> DATASET EXTRACT
· · · ·

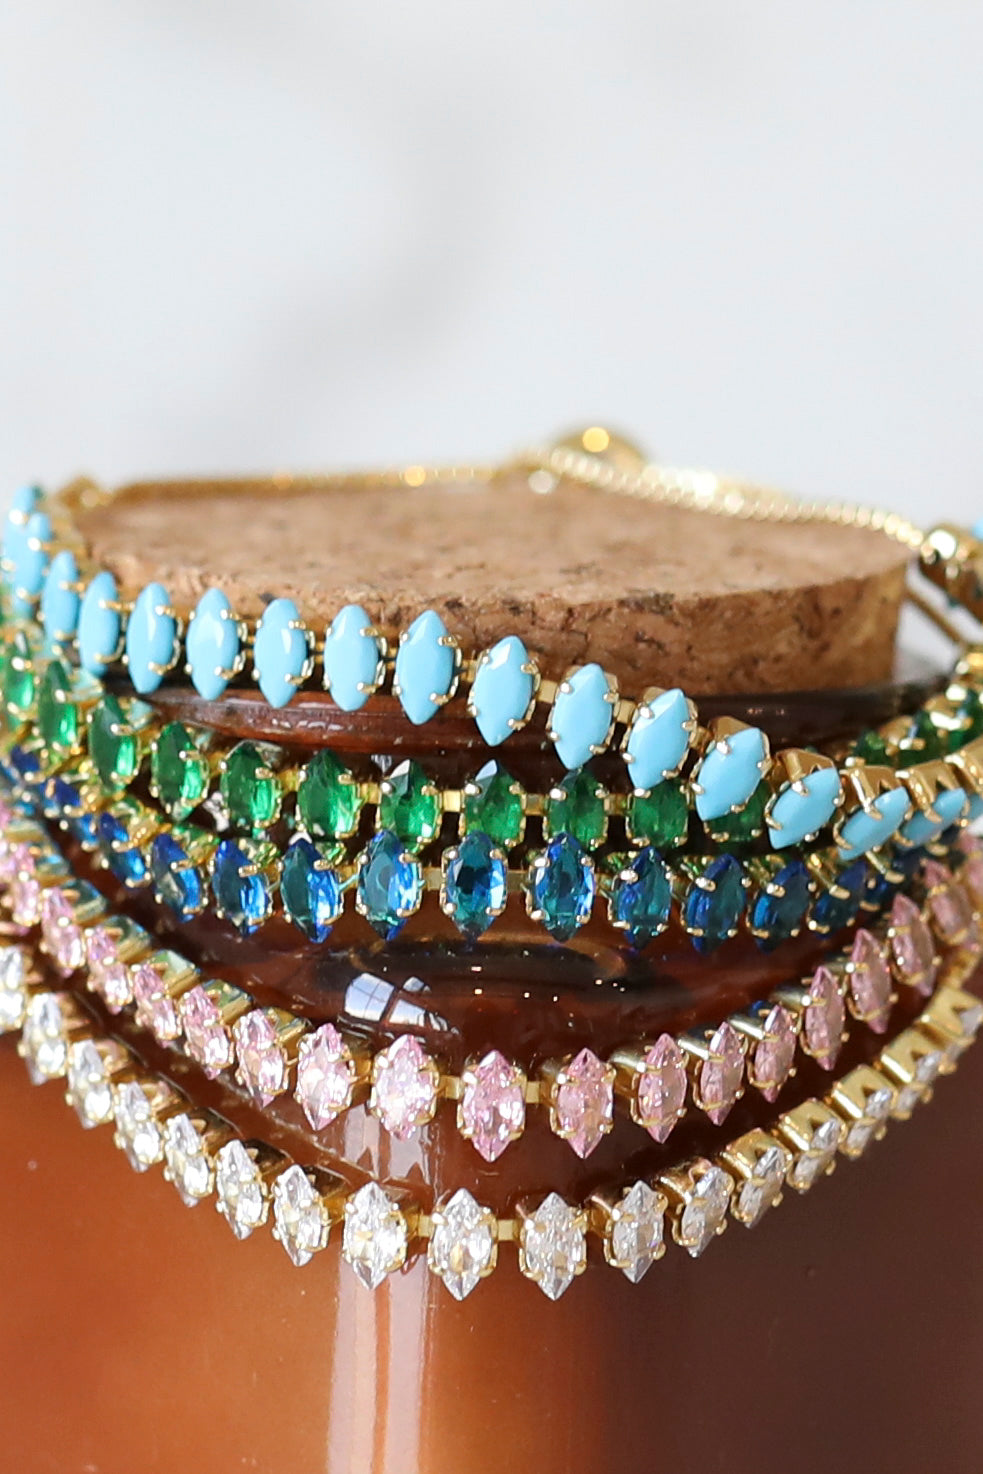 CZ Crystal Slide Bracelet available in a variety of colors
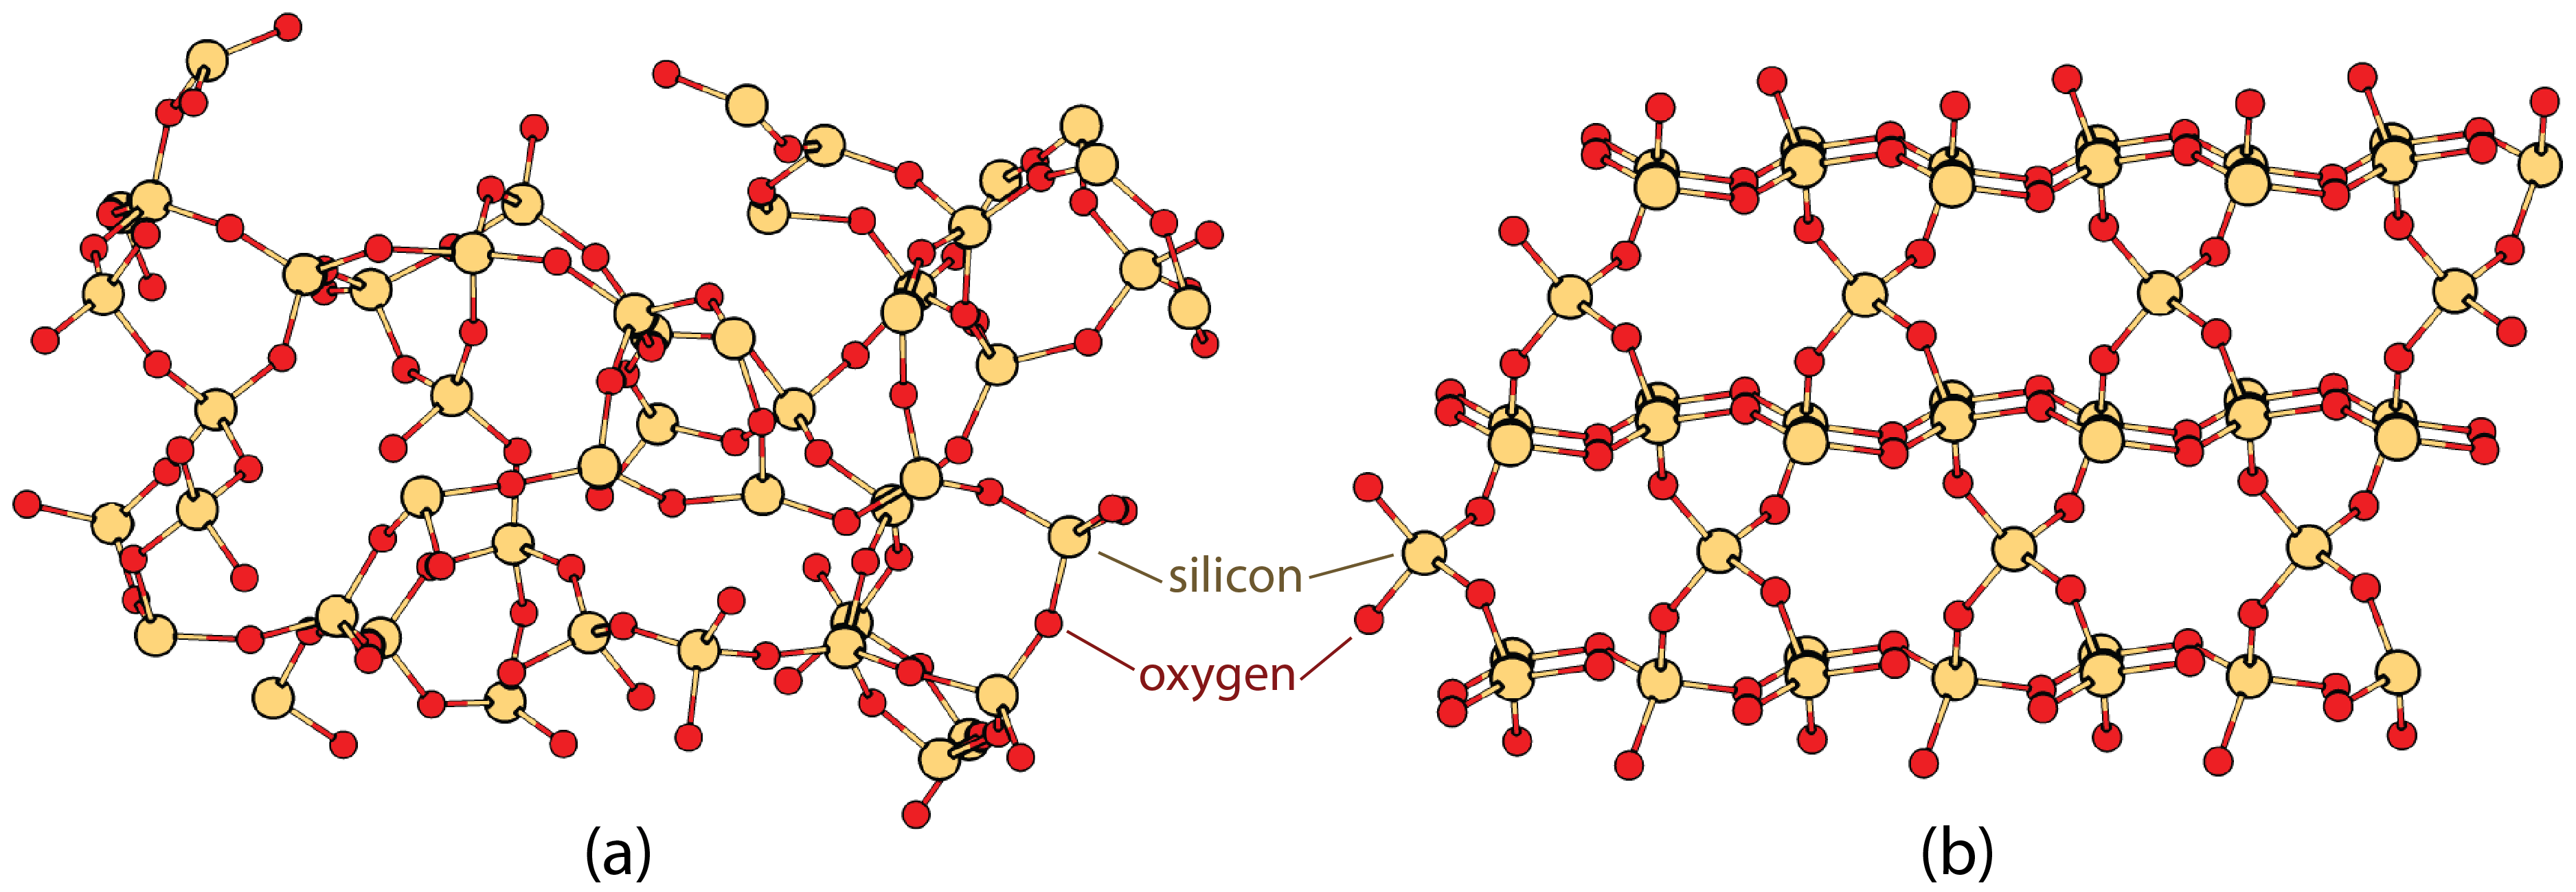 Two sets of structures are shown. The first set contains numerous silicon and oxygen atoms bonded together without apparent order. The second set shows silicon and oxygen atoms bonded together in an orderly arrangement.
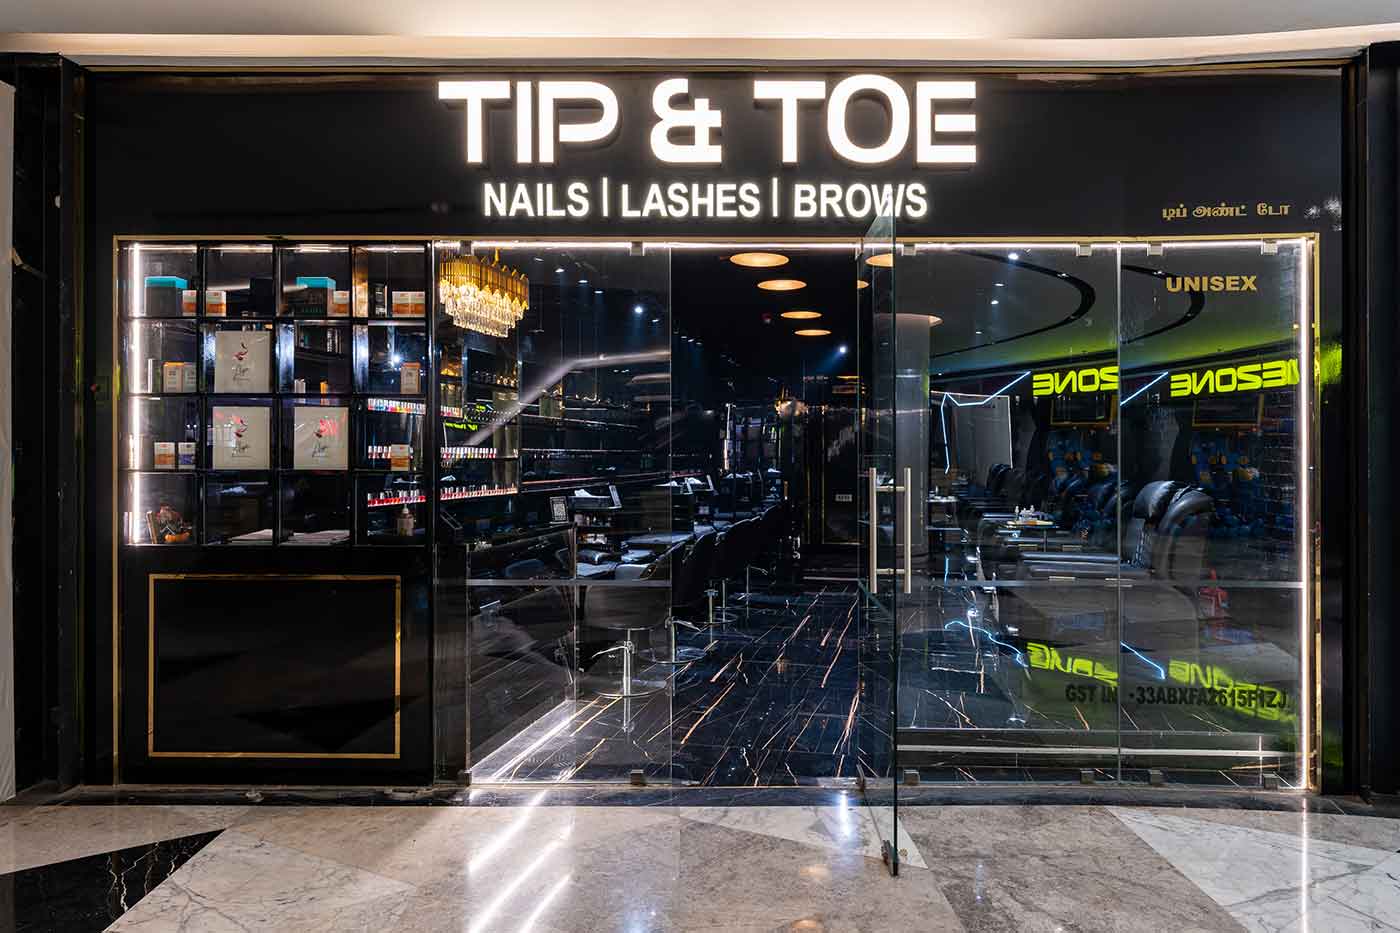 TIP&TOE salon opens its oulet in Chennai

· · · ·

> PROBLEM
Repeat each line of the material exactly, please, and skip every picture.

> EXERCISE RESULT
 CZ Crystal Slide Bracelet available in a variety of colors
 Two sets of structures are shown. The first set contains numerous silicon and oxygen atoms bonded together without apparent order. The second set shows silicon and oxygen atoms bonded together in an orderly arrangement.
 TIP&TOE salon opens its oulet in Chennai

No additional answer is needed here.